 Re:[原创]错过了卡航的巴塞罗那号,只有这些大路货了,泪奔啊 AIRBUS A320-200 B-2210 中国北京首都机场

+ + + + +

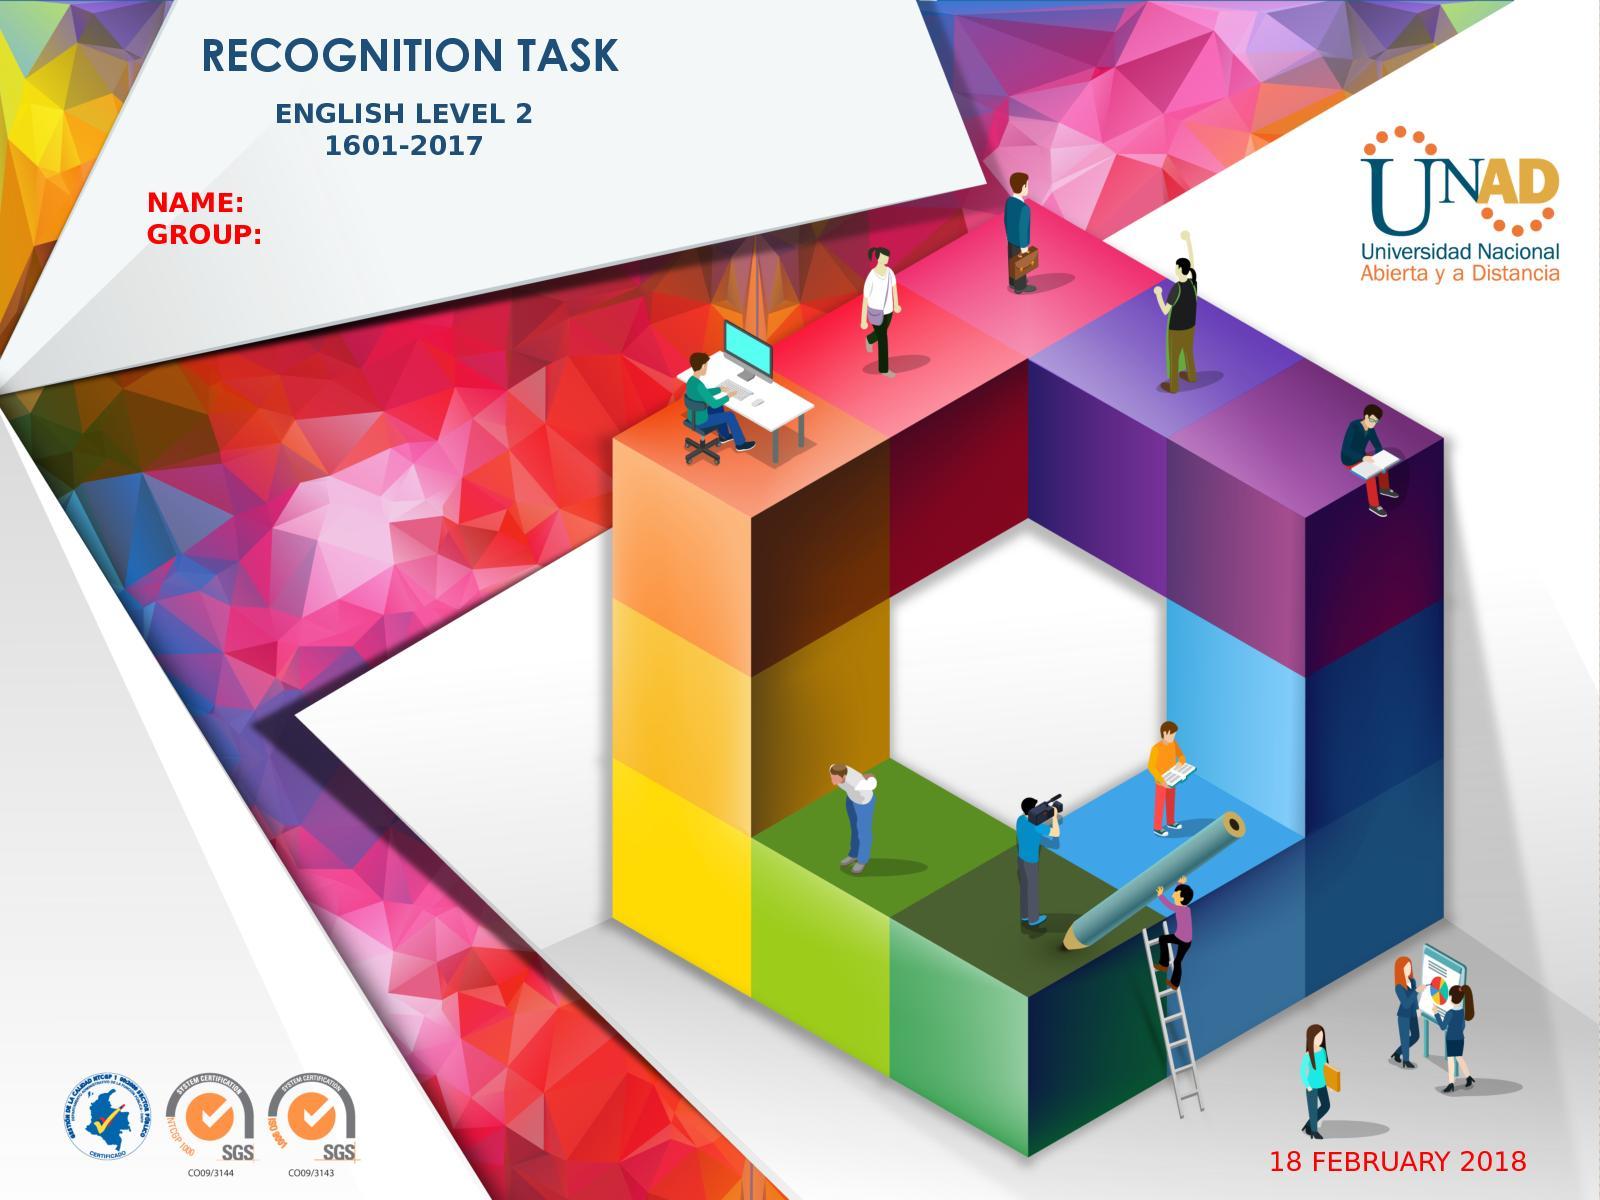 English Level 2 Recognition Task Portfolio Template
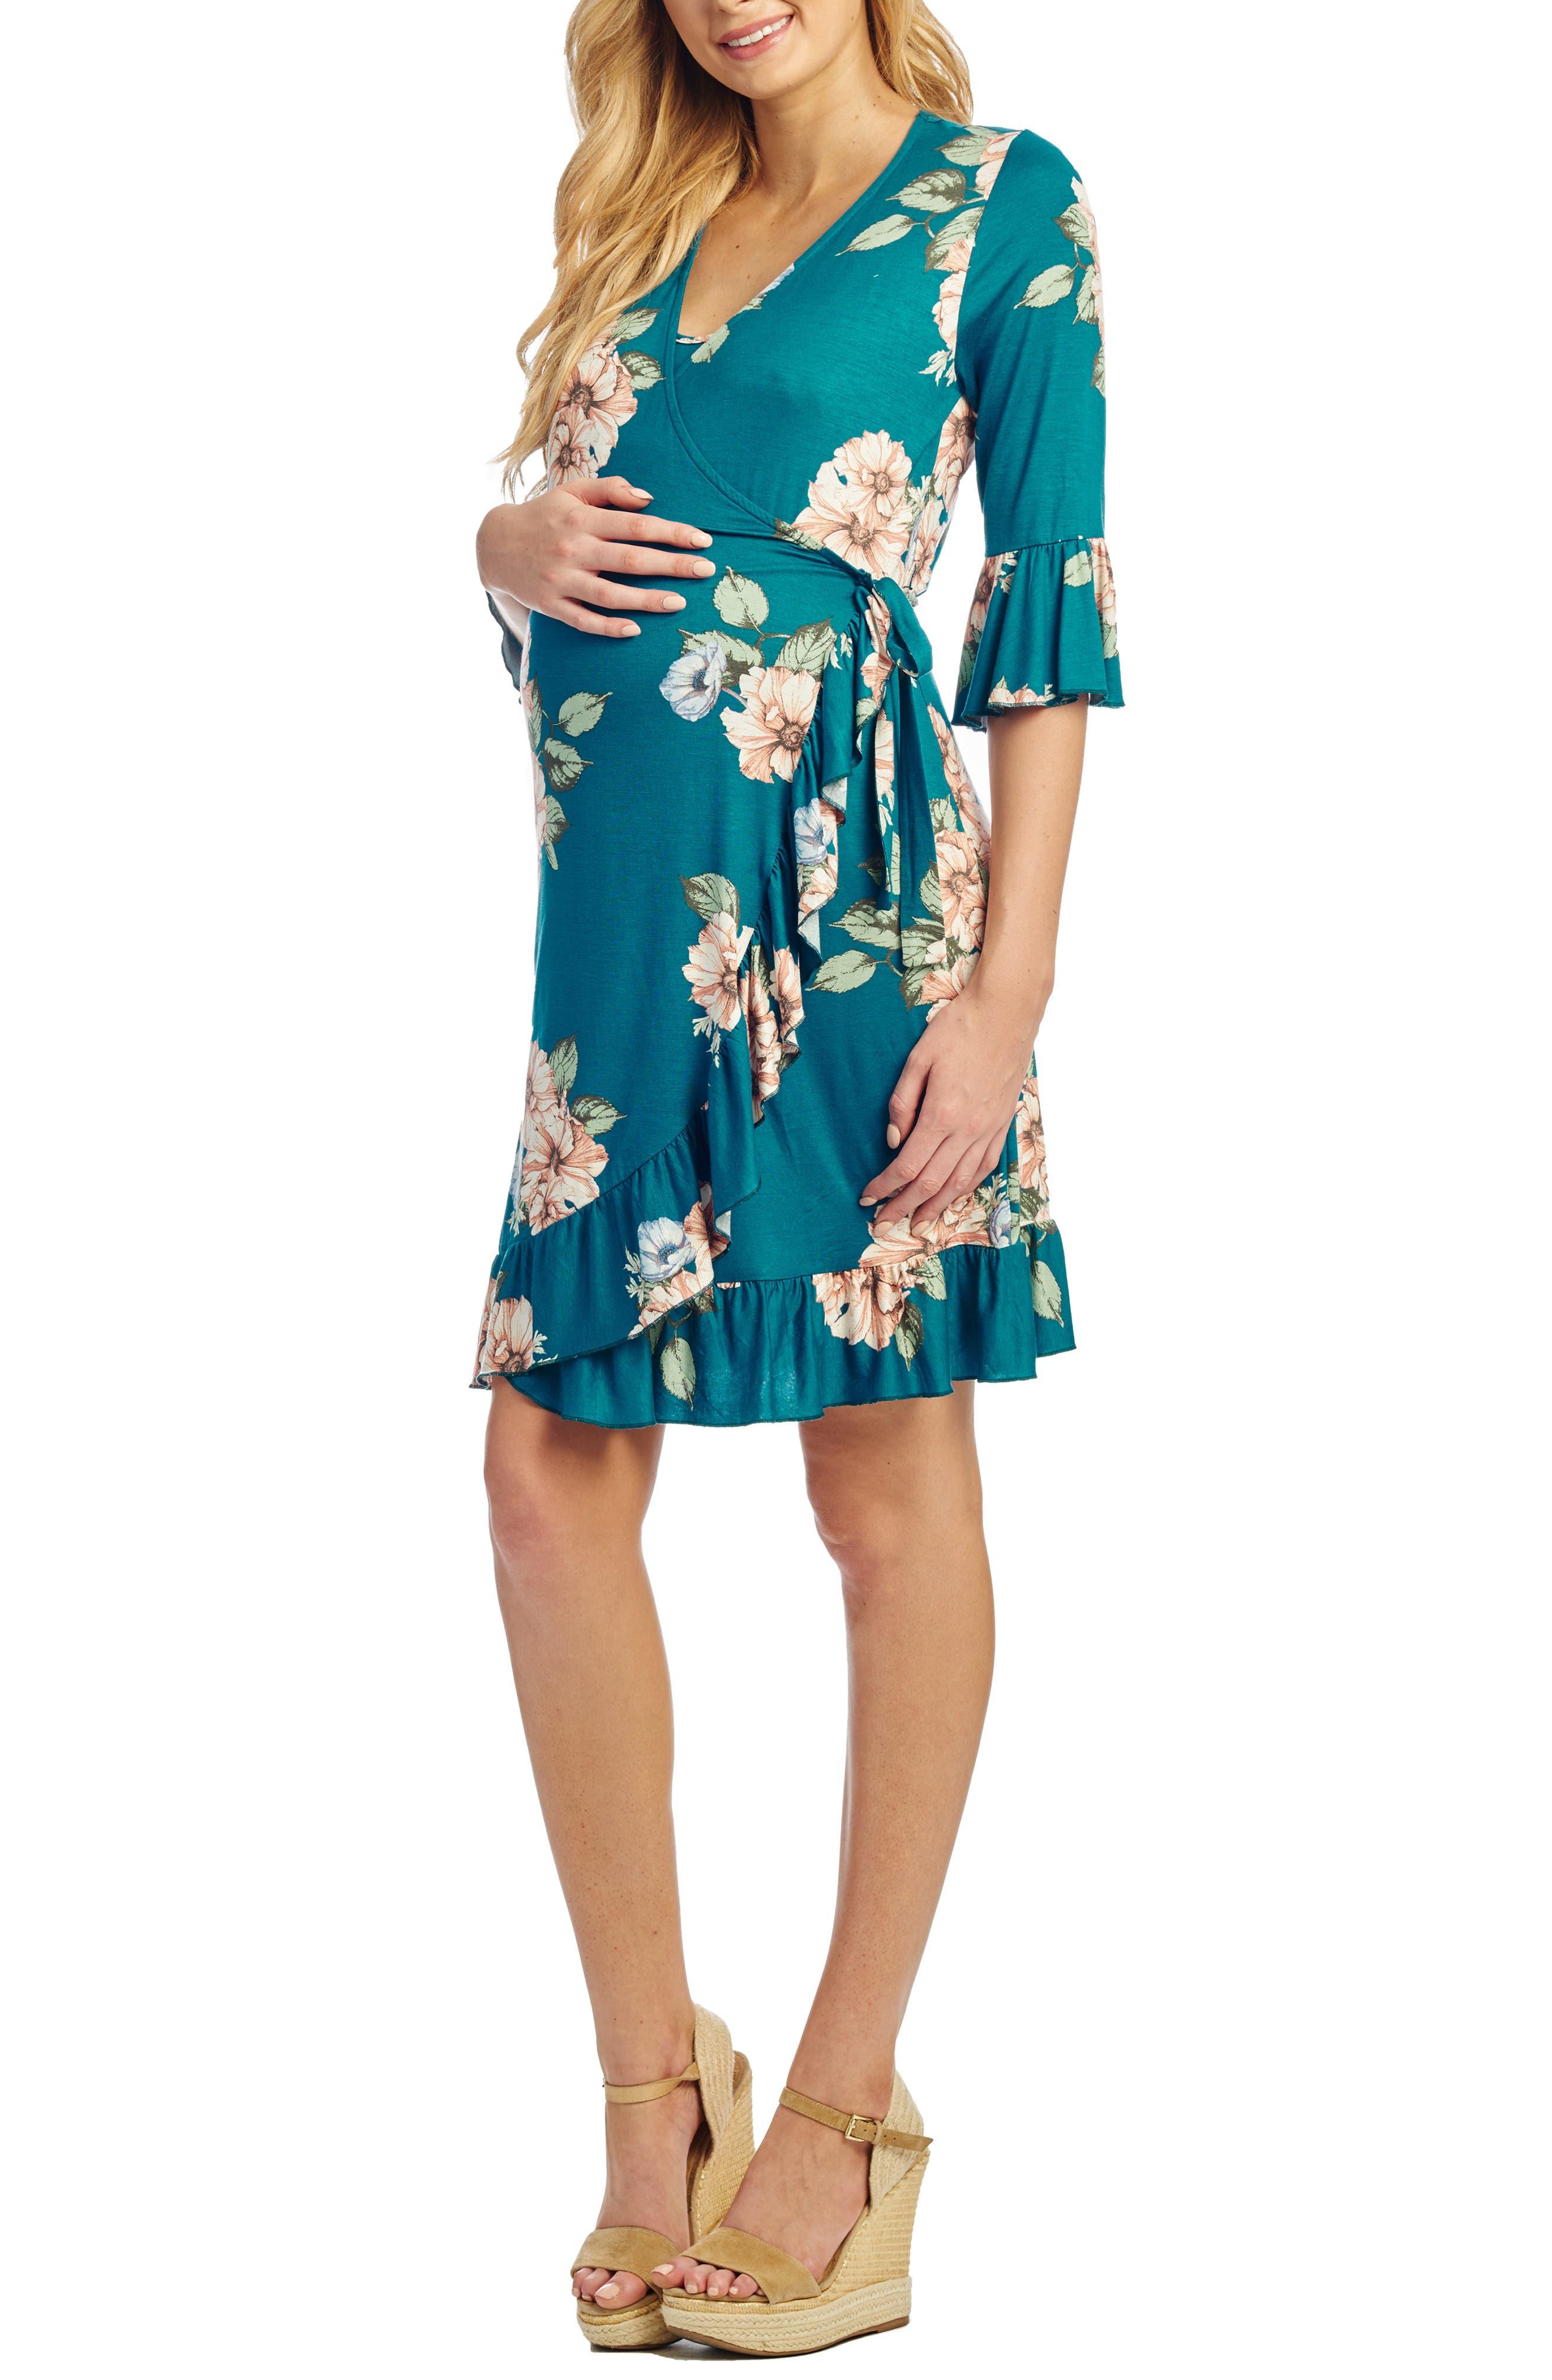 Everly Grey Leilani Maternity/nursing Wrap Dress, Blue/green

+ + + + +

YOUR INSTRUCTIONS: Working from the data above, repeat exactly, and only, the lines that begin at the line containing "English Level 2" and stop after the line containing "Everly Grey Leilani"; pictures are not copied.

OUTPUT FOR THIS EXERCISE:
 English Level 2 Recognition Task Portfolio Template
 Everly Grey Leilani Maternity/nursing Wrap Dress, Blue/green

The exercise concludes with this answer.